Computational Linguistics
Some of these materials are support software for problem sets I use in
teaching. The problem sets could serve as additional documentation.
- Semantics:
- simplify: Evaluate lambda terms typed at the command
line. The work is done by a Perl(!) module,
LambdaTerm.pm, which correctly
implements the untyped lambda-calculus (Turing complete). To
make it natural to encode natural-language semantics, I allow the
terms to contain all the sugar you might want - infix operators,
multi-argument functions, quantifiers that bind variables, and spaces.
This sugar is preserved when possible during reduction, so that
the results remain readable.
- buildfeats: Assign semantics to a parse tree, given
a grammar with semantic attachments. Only a weak ("bottom-up") form
of feature unification is currently implemented. But lambda-term
reductions are fully implemented via LambdaTerm.pm (see above).
In Perl.
- Syntax:
- head-treebank: Suite of Perl scripts for automatically manipulating the Penn
Treebank.
Difficult scripts:
- guess lexical heads using rules and exception tables (plus
pshead-mode annotation software for developing those)
- convert traces to slashed categories
- fix common annotation errors
- add additional subconstituent structure
More straightforward scripts:
- flatten lexicalized trees into dependency format
- binarize trees (convert to Chomsky Normal Form)
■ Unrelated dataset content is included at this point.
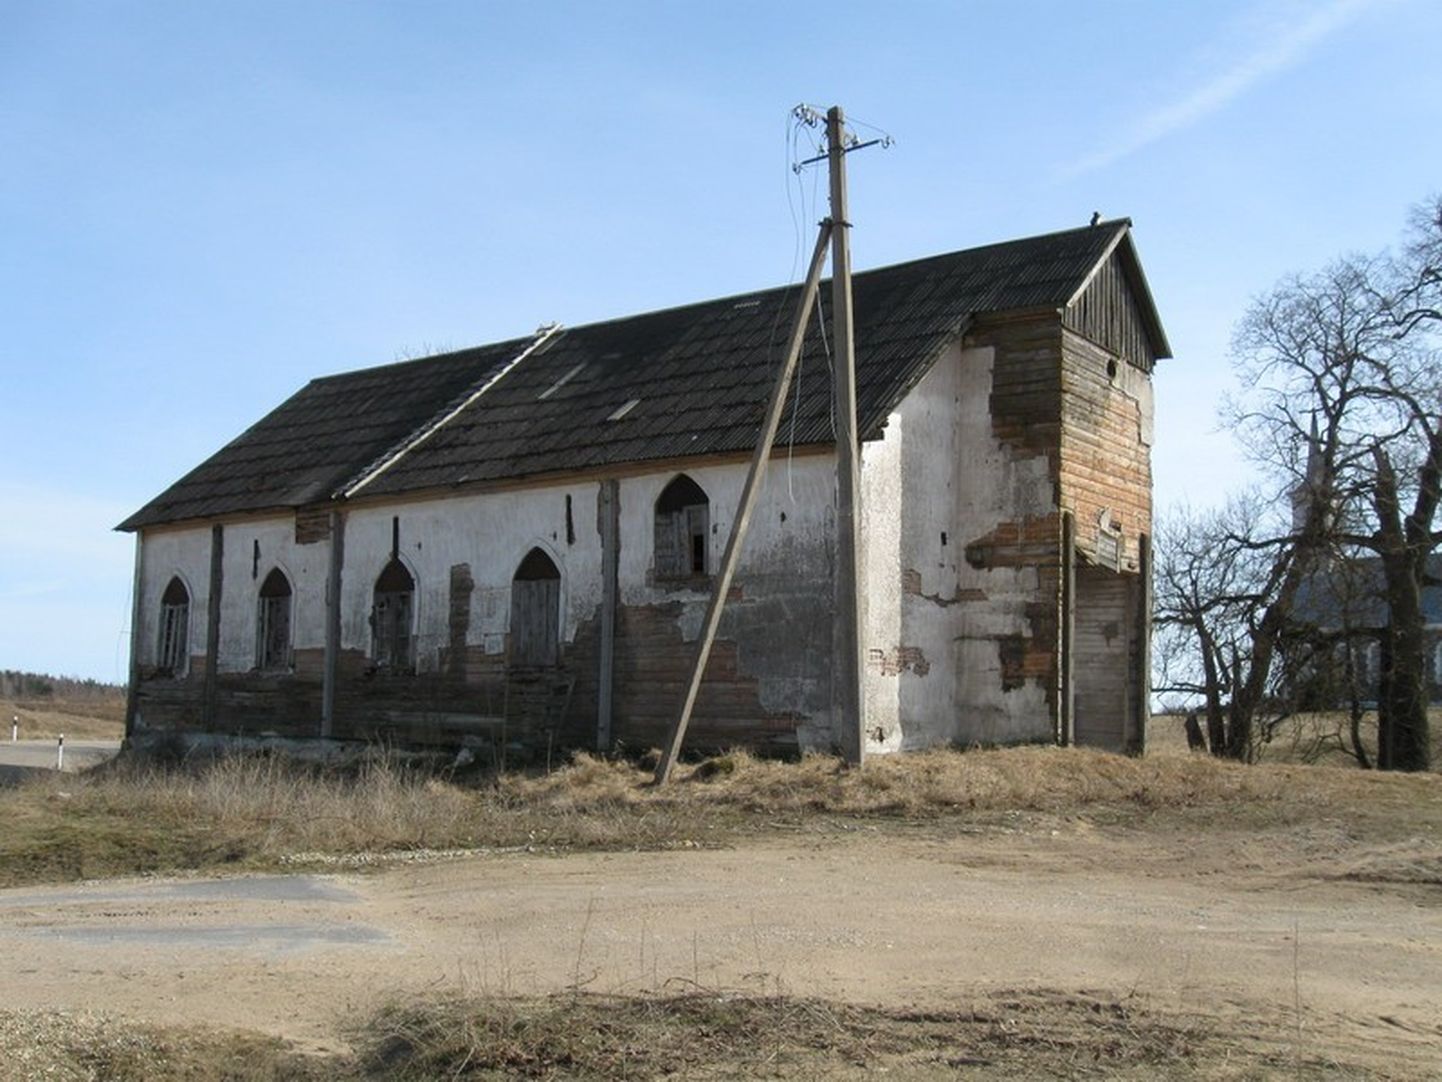 Сейчас старая тудулиннаская церковь выглядит почти так же, как на этом фотоснимке десятилетней давности.

- list rules or lexicalized rules; discard singleton rules; summarize rules
- get the fringe of a parse
- distinguish adjuncts from arguments following Collins 1997
- simplify case, punctuation, nonterminals
- select Treebank sections
- convert between one-parse-per-line and prettyprinted formats
- randsent: Script to generate
text or trees from a probabilistic context-free grammar (PCFG). You
should probably also download prettyprint.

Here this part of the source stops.